“Faith itself has been taken captive by legalism.” ~Gerhard Forde
Ever since Paul’s fiery denouncement of Judaistic law-keeping in Galatians and Romans, the Christian tradition has recognized, if only grudgingly, that legalism is the death-knell of faith in Christ. Even those churches most closely identified with deeply legalistic tendencies (I am thinking of Catholicism and Orthodoxy in particular), will routinely, if hypocritically, condemn legalism in its most blatant forms.
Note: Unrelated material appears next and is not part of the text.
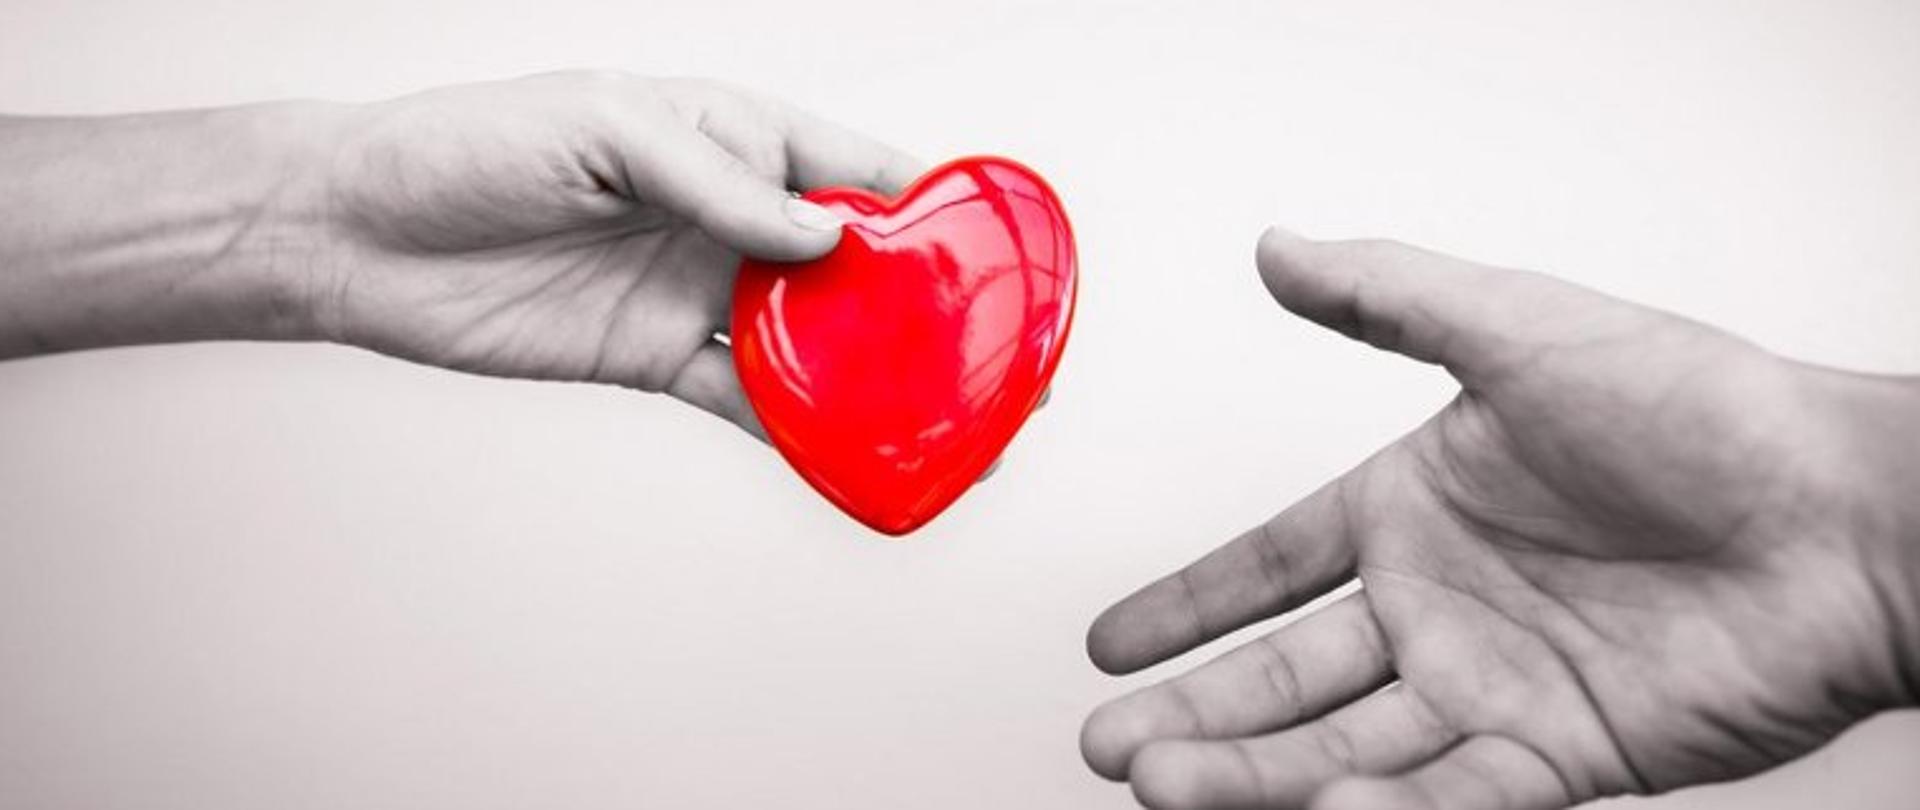 Dwie ręce podają sobie czerwony przedmiot w kształcie serca.

However, it may come as a shock to realize that even among evangelicals there is a subtle, but equally destructive, form of legalism that has undermined the proclamation that salvation is by faith alone, apart from works. I am referring to a legalistic understanding of the nature of faith. Gerhard Forde neatly explains the downward spiral that leads one to redefine faith in such a way that makes it just one more law that we must fulfill in order to be saved:
Even when we attempt to stick with faith alone we are usually driven to define, qualify, and hedge about the faith of which we speak so that no one will get the “wrong idea.” Of course we don’t mean just any old faith, we mean really believing; we mean a really sincere, heartfelt trust, we mean a living, active faith, a faith which comes after deep and despairing repentance—all that “adverbial” theology. Before we are through we have so qualified and modified faith as to make it even less obtainable than the justice we failed to reach by the law! No wonder most people today would rather take their chances with the law! Faith itself has been taken captive by legalism. The price is so inflated that no one can afford it any more (Forde, Justification by Faith, p. 10).